Recently, Papa Whisky published an article on how the WFTDA Ranking system works.
This was a good introduction to the system, but perhaps missed a few technical points, which we feel are important. In addition, we think it might be useful to introduce other rating systems used in Roller Derby for comparison.
This article aims to address these two issues, and should be read in concert with the above linked article.
In this article, there is some maths. In this maths, we use: Pu to mean “the points scored by your team”, Po to mean “the points scored by the opponent”, as well as some other values later on.
Other Ranking systems – FTS
While Papa Whisky implies that Flat Track Stats does ranking and rating in a similar way to WFTDA’s own official ratings and rankings, in fact the FTS algorithm is somewhat different.
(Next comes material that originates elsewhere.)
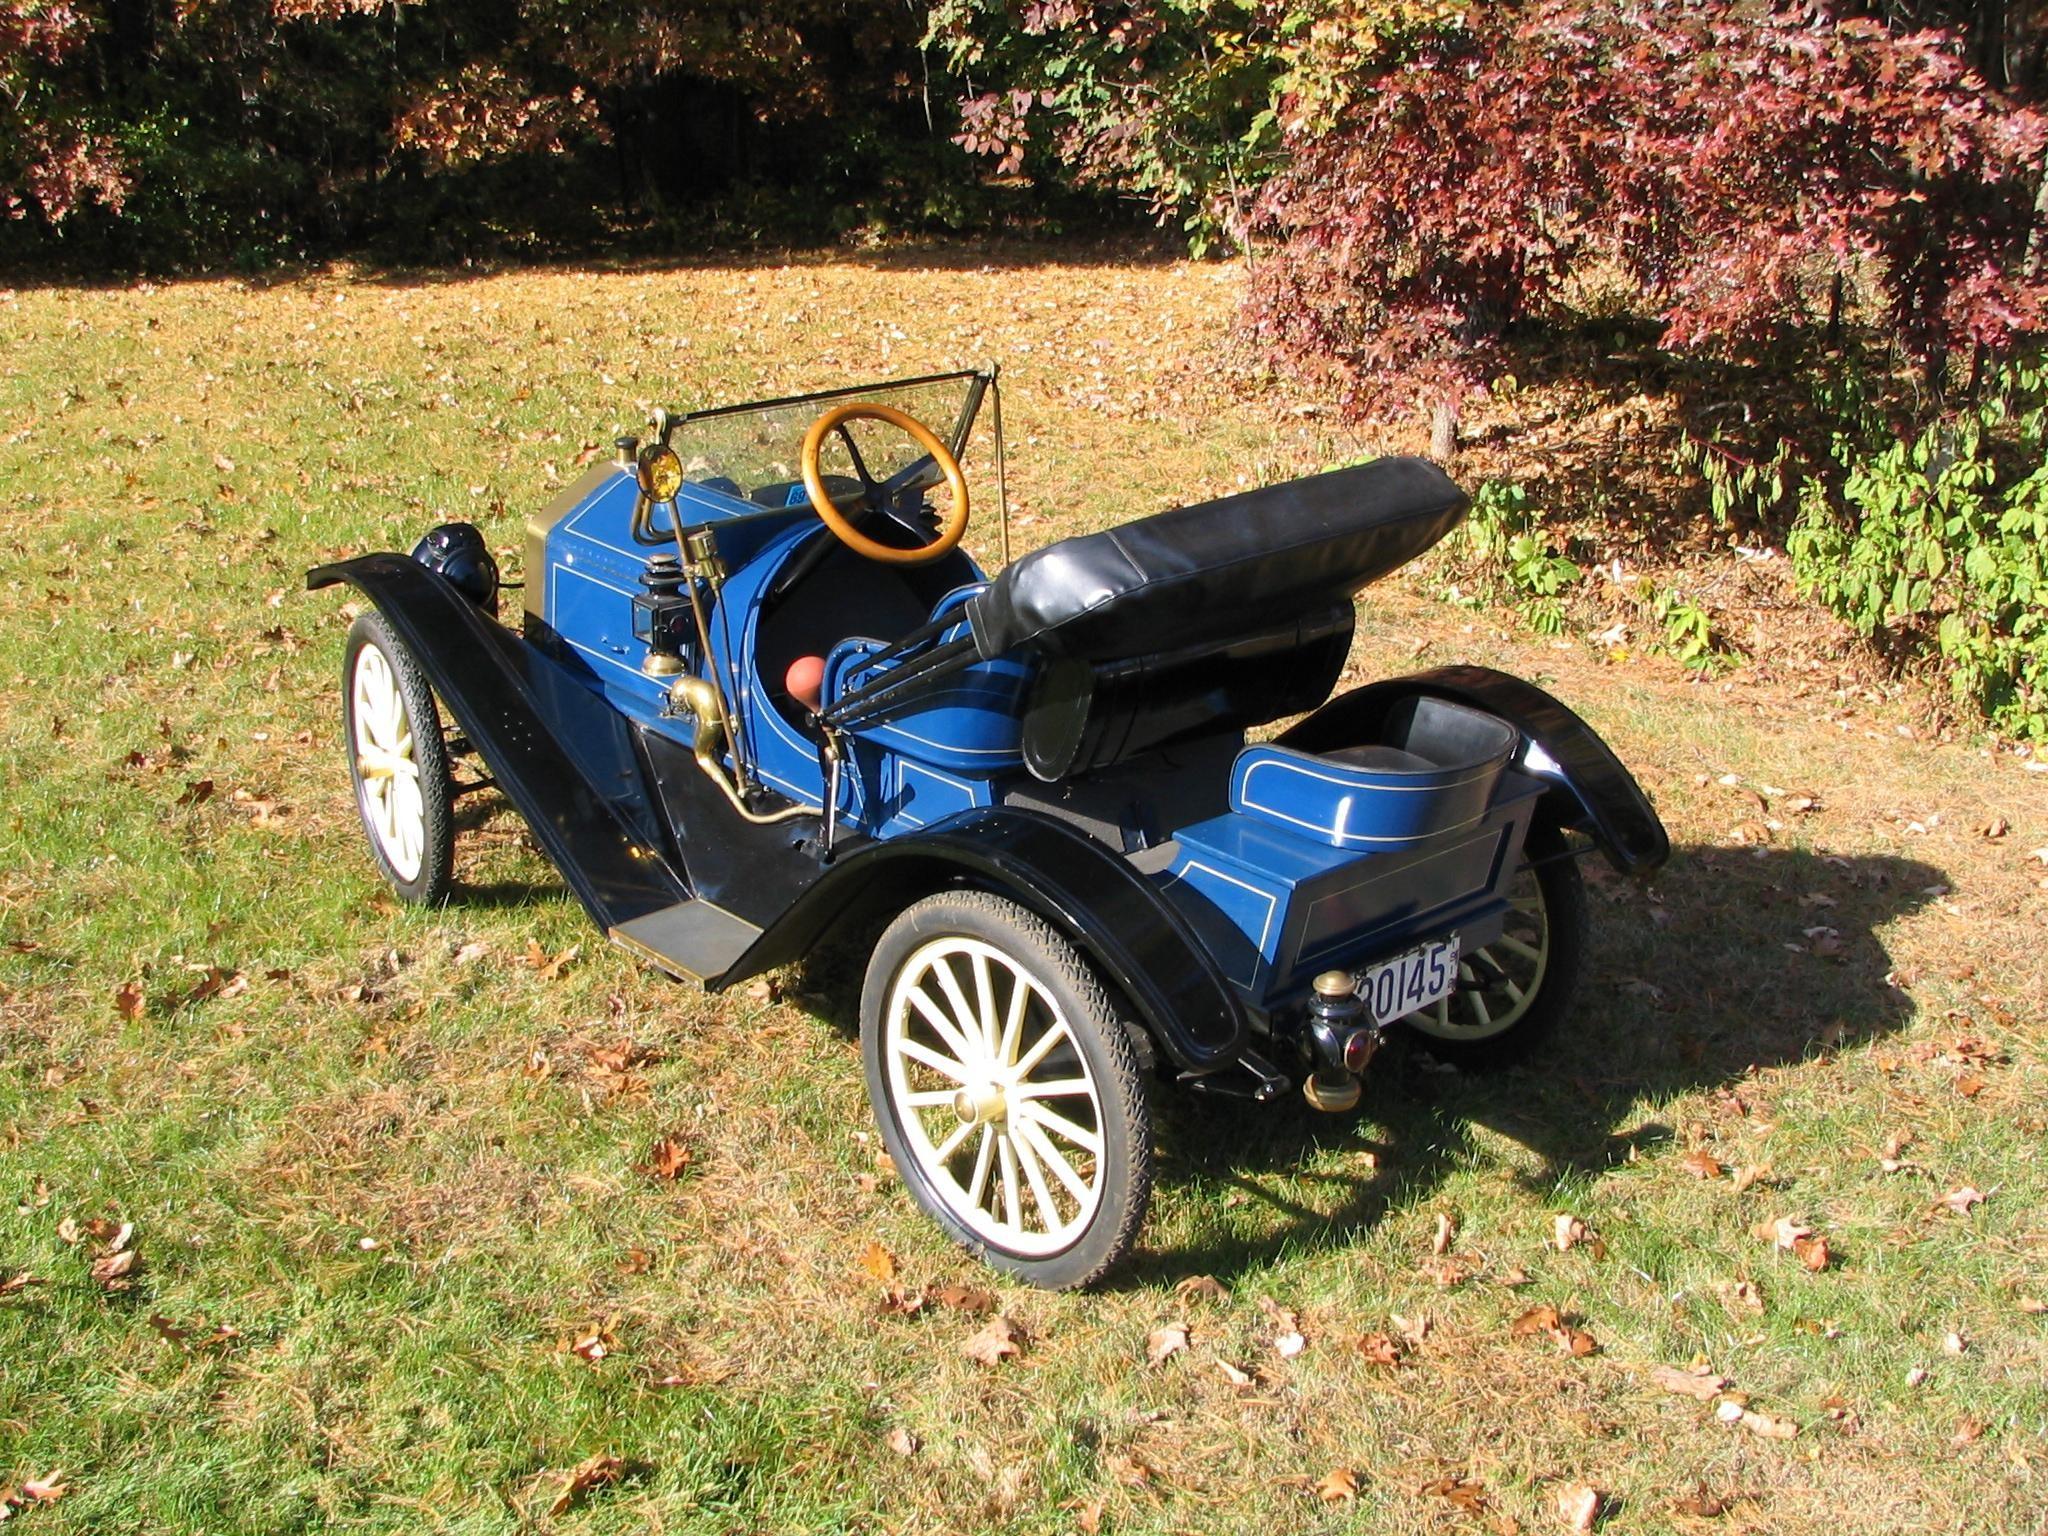 1912 metz 22 roadster 17547 metz waltham automobiles motorcycles bicycles air car. Black Bedroom Furniture Sets. Home Design Ideas

FTS ratings are a variant of Elo ratings – named for Arpad Elo, who developed them for Chess in the late 1950s. Rather like WFTDA Ratings, FTS Ratings are an indication of how well you should do, but with a different basis – Elo Ratings are logarithmic, like Richter factors for earthquakes, or decibels for sound, so every 400 (or so) difference in Elo Rating is a ten-fold (or so) factor in expected score ratio. [FTS probably doesn’t use the number 400 exactly.]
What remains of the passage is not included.